As a year round, responsible drinker, my consumption habits tend to change with the shifting weather, as our palates generally do. Out with the icy margaritas and cold beers and in with the full bodied red wines and warming spirits. Sometimes it doesn't matter, sometimes the drink says it all. Last weekend, for example, was one of those times. After a couple of martinis on Saturday night, we roamed home to keep things going. There, instead of reaching for a standard dry gin, I opted for Four Pillar's Bloody Shiraz Gin to make a martini, and garnished with a grapefruit twist instead of an olive (although I'm sure this would work well too if short of citrus). The result was delicious, and for any novice martini drinkers out there, a very easy dip in the water.
I'm not certain why it worked as well as it did. Perhaps it's something to do with Four Pillars' use of Shiraz grapes which add natural sweetness and when combined with its Rare Dry Gin result in a bright, citrusy feel with a slightly spicy finish, offering the energy of a grown up version of mulled wine. This year, the bottle matches the energy, with the brand's recent collaboration with photographer and artist, Luke Shadbolt, who is best known for his work capturing the unruly nature of the ocean and its surroundings. For the latest Bloody Shiraz bottle, Shadbolt created a copper etching of one of his photographs of a wave, a scene from the Australian ocean reminiscent of Hokusai’s Great Wave. The etching was then printed onto the bottle and voila! A collectible was born.
Ella's Bloody Martini
50ml Four Pillars Bloody Shiraz Gin
25ml Dry Vermouth (Sweet would make the whole thing too sweet)
Method: Combine Gin and Vermouth in a tall glass or shaker with ice and, with a spoon, stir clockwise until the outside of the glass becomes frosty.
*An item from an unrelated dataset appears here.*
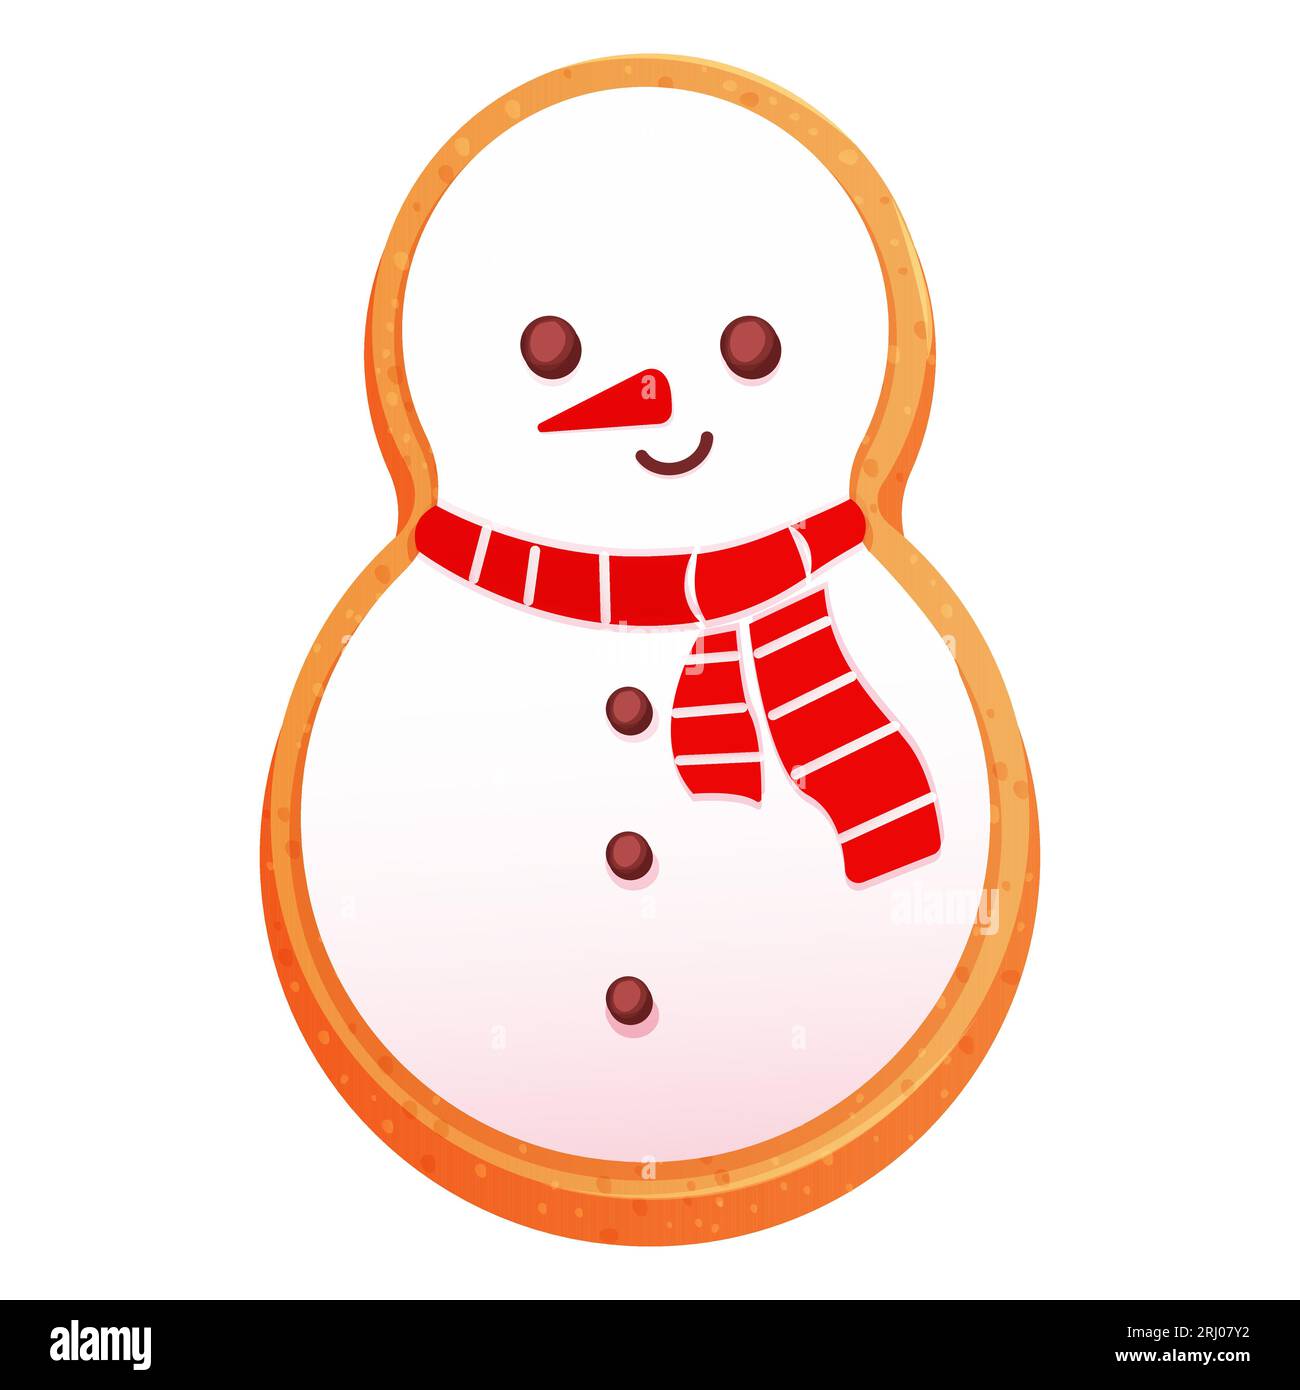 Personnage de bonhomme de neige mignon en pain d'épice avec décoration de glaçage, dessert de saison, cookie dans le style de bande dessinée isolé sur fond blanc. Illustration vectorielle Illustration de Vecteur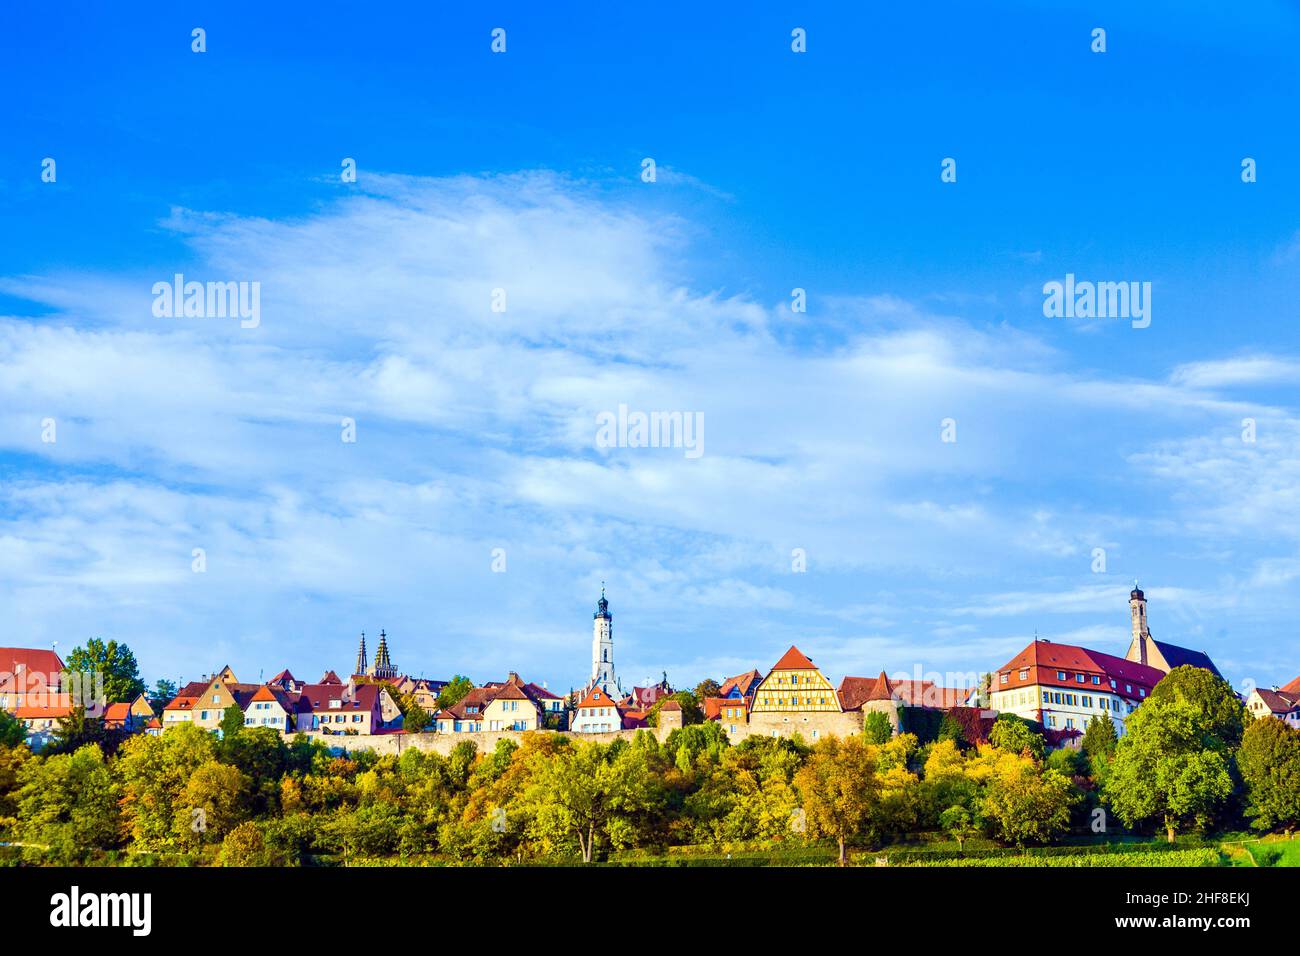 Rothenburg ob der Tauber, alte berühmte Stadt aus dem Mittelalter, vom romantischen Tal der Tauber aus gesehen Stockfoto

Strain into the martini glass of choice and garnish with a twist of grapefruit peel.
Bloody and Tonic
100ml good tonic
Method: Add Bloody Shiraz Gin and tonic to a rocks glass over ice. Garnish with a wedge of lemon or grapefruit.
50ml Bloody Shiraz Gin
25ml fresh lime juice
60ml ginger beer
Method: Squeeze lime juice, reserving the husk. Shake gin and lime juice over ice, then strain into a rocks glass. Add ginger beer, ice and garnish with the lime husk.